Eugene Moosa, Tokyo – Aviation experts discount the theory that zero visibility in dense smog could have caused the crash of an Indonesian Garuda airliner, but they have not ruled out another theory: engine failure caused by smog intake.
The Garuda aircraft, an Airbus A300-B4, crashed into a hillside plantation 45 km from the west Indonesian city of Medan last Friday, killing all 234 people aboard.
The flight from Jakarta flew most of its way through a dense smog that has blanketed much of Indonesia and Malaysia in recent weeks due to forest and brush fires.
Many experts and pilots said it was unlikely that a loss of visibility could have caused the accident, because pilots are trained to fly "blind" on instruments and modern airliners are well-equipped for instrument flying.
But Japanese aviation experts say smog could have affected the airplane in a different manner.
"It is a well-known fact that jet and turboprop engines can fail when they fly through volcanic smoke," said Yasutomo Aoki, an aviation commentator and former editor of the magazine Aviation Journal.
"We must study the effect of engines flying through smog, especially on long flights. We are focusing on the residue of particles of smog on the engine blades," Aoki told Reuters.
Another expert, former Tokai University aeronautics professor Haruro Terao, said he, too, could not rule out the effects of smog on the airplane itself, rather than on the pilot.
"The massive smoke could have affected the atmosphere and it is not impossible that this had some effect on the airplane," Terao wrote in the daily Asahi Shimbun.
Aoki said sand-like grains of volcanic debris in the air have been known to cause engine failure.
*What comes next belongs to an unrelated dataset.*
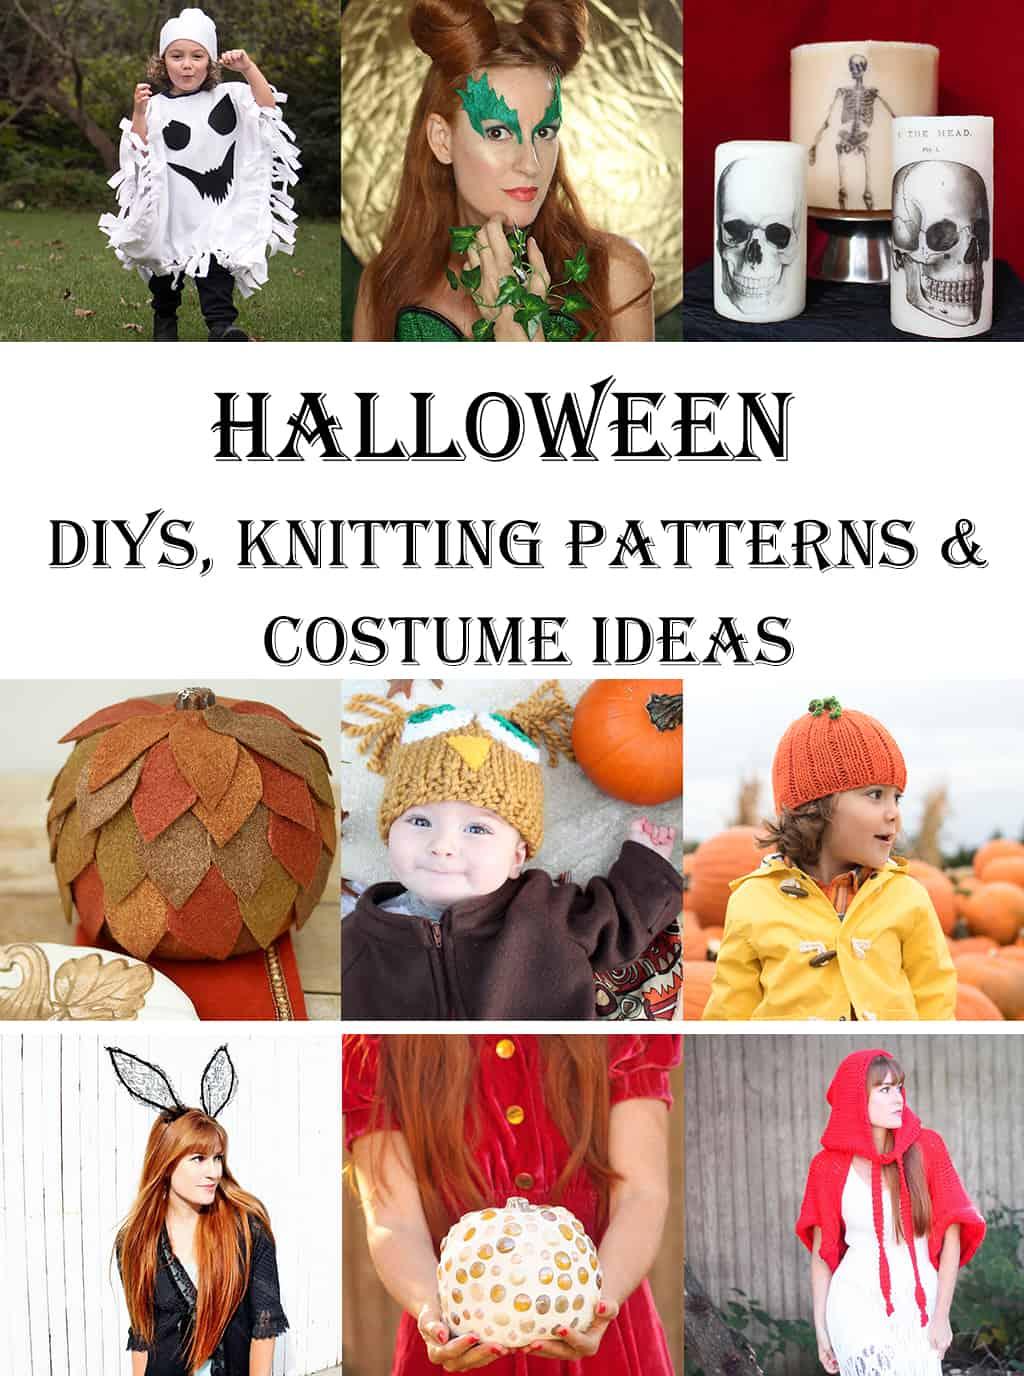 18 Halloween DIYs, Knitting Patterns and Costume Ideas - Gina Michele

The particles block small coolant holes on the surface of engine blades, which causes overheating. Blades can break off after heat expansion and these bits can damage the engine's interior.
But one Singapore-based airline pilot with 20 years of experience, who declined to be identified, said smoke particles from forest fires are too small to pose any problem to the engines and wings of modern airplanes.
Volcanic ash is the worst kind and if planes can survive that, the smoke is no big deal, he said.
In 1991, an expert told an international conference on the dangers of flying through volcanic clouds that many planes have risked disaster by doing so against the expressed advice of airplane manufacturers.
Captain Ernest Campbell, then the manager of airline support and flight training at Boeing Co, said his company replaced 10 engines on different planes that flew through ash from the plume of Mount Pinatubo in the previous year.
"This kind of trouble has also been seen among warplanes during the 1991 Gulf War (from the sand in the air)," Aoki said.
While the smog that has descended on Indonesia and Malaysia is different from volcanic smoke, no one has carefully analysed the minute particles in the fumes and their possible effects on airplane engines, Aoki said.
"This is the first crash of an airplane that flew for a long time through this dense fog. We are awaiting word about this possible factor after investigators study the engine blades and black boxes from the wreckage," he said.